A few days ago, I visited the MAXXI museum for the exhibition dedicated to Franco Battiato.
What I’ve always loved most about Battiato are two distinct phases: his experimental work in the 1970s, and the later period shaped by his encounter with Manlio Sgalambro—the Mediterranean nihilist who turned Italian songwriting into a vehicle for metaphysical reflection.
Recently, I found myself revisiting some of Sgalambro’s writings, especially his idea of the “Theory of Sicily.”
For him, Sicily is not just a place—it’s a metaphysical condition. An island floating on instability, suspended over shifting waters, like a ship destined, sooner or later, to sink. From this fragility emerges what he calls historical weariness: a quiet, melancholic awareness that time passes without redemption.
That’s why, he argues, Sicily truly exists only as an aesthetic phenomenon—in music, poetry, and art—but never fully within history itself.
Now.
A few days before that visit, I had read an excerpt from Agnes Callard’s essay The Case Against Travel. Her argument is striking: travel turns us into the worst version of ourselves, while convincing us we’re at our best.
And she’s not alone in this view.
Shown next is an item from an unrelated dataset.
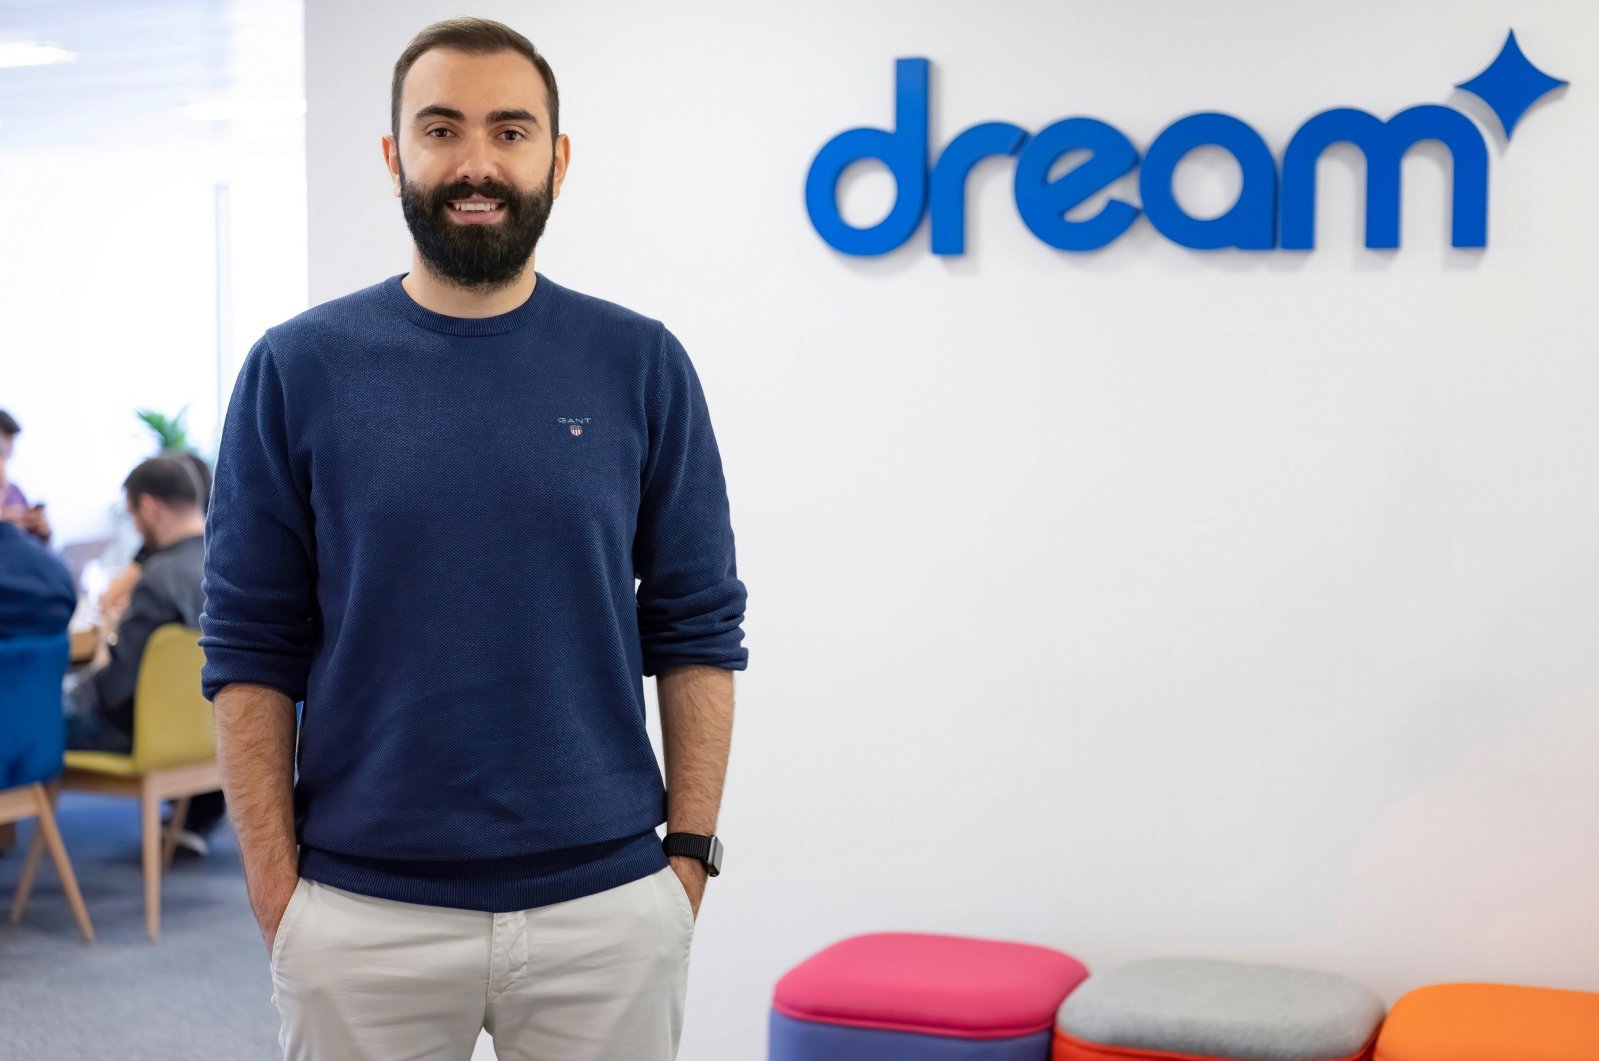 Co-founder and CEO Soner Aydemir of Turkish mobile games startup Dream Games is seen in this undated file photo. (IHA Photo)

Ralph Waldo Emerson called travel “a fool’s paradise.” G.K. Chesterton believed it narrowed the mind. And perhaps most radically, my beloved Fernando Pessoa wrote that travel is for those who lack imagination.
Ironically, I work in travel. And yet, the feeling persists that Sgalambro and Callard grasped something that global tourism now makes impossible to ignore.
The “island mindset” is not just Sicilian—it’s the mindset of those who observe history rather than inhabit it, who turn destiny into scenery. And that is precisely what contemporary tourism does.
We travel to change perspective, yet we reproduce the same patterns everywhere: the same hotel chains, the same brunches, the same photos in front of the same landmarks. It’s a global industry of superficial variation.
Here lies the paradox: tourism promises discovery. But perhaps its real function is something else entirely—to turn the world into a sterile museum.